Une fois déterminée la définition du livre blanc avec ses objectifs et sa table des matières et après avoir identifié l’équipe référente, peuvent commercer les ateliers de rédaction. En termes de méthodologie, il est fort utile d’utiliser une trame à personnaliser avec des exemples et des schémas. L’analyse de cas et la schématisation sont vraiment un plus pour la compréhension et pour faciliter les arbitrages participatifs et collectifs. 

  • Faire appel à un(e) consultant(e) externe ou référent(e) interne pour concevoir animer et réaliser le livre blanc en mode participatif avec les acteurs clés. 
  • Définir précisément les objectifs et la table des matières du livre blanc. 
  • Constituer une équipe avec les acteurs concernés (référents GTA, juridique, RH, IRP, CSE, managers…). 
  • Prendre le temps de traiter les sujets compliqués tels que les temps partiels, les changements de situation (par exemple des CDD qui deviennent CDI, des salariés en heures badgeant qui « passent » en forfait jours ou en forfait heures et vice-versa, l’impact sur les compteurs des entrées/sorties de personnel en cours d’année…) . 
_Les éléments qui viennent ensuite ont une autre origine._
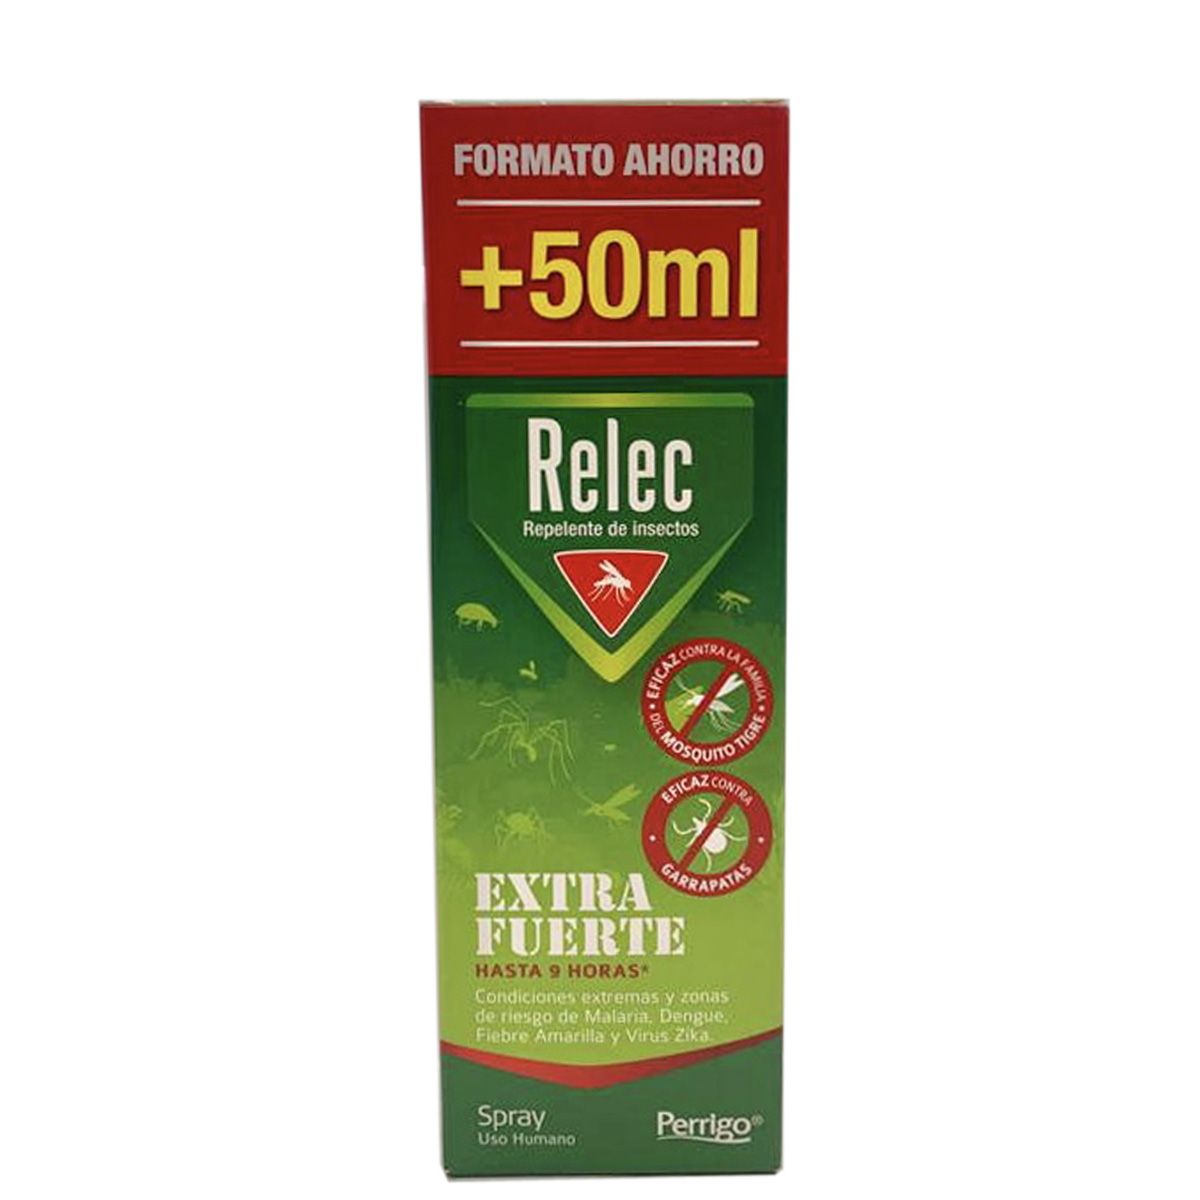 Relec Extra Fuerte Spray 75ml + 50ml Formato Ahorro
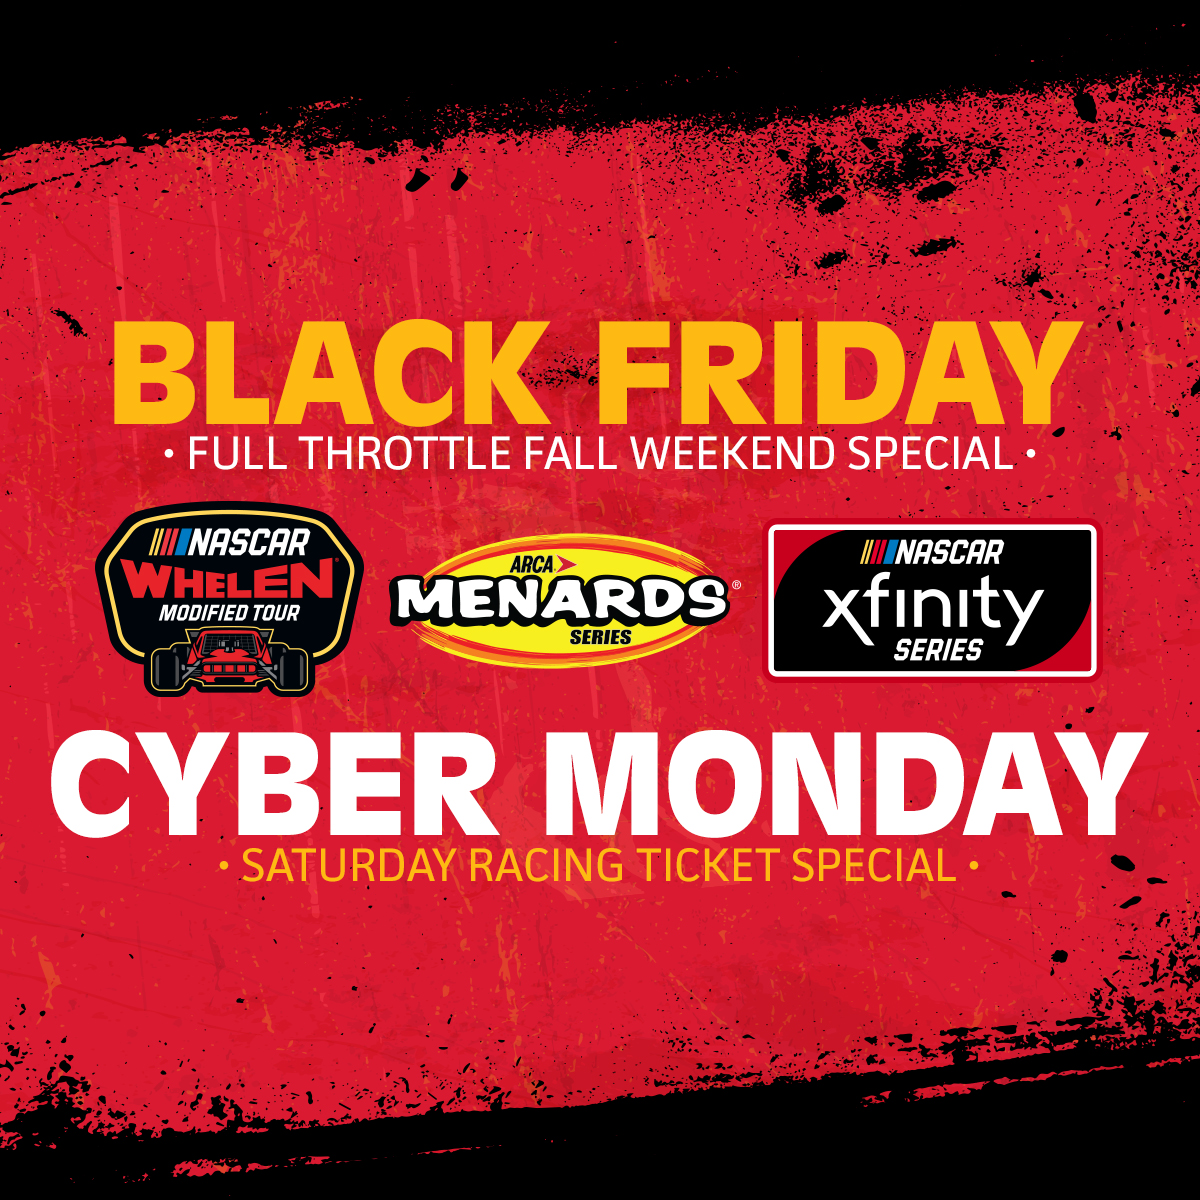 NFL Shop Black Friday Deals, NFL Cyber Monday Sales, 54% OFF

  • L’intention est de décrire, expliciter le plus clairement possible les règles et leurs applications avec le plus possible de cas précis, des illustrations, schémas… La description des modalités d’application sont autoporteuses (se suffisent à elle-même, pas d’acronyme ou d’interprétation possible).  
  • Relire et valider dans un second temps le contenu avec l’équipe référente. 
  • Se donner le temps de produire un livre blanc de référence et de qualité, tout en sachant qu’il sera très probablement mis à jour avec de nouvelles règles et de nouvelles applications. Avoir à l’esprit que ce document évolutif est la mémoire GTA de l’organisation.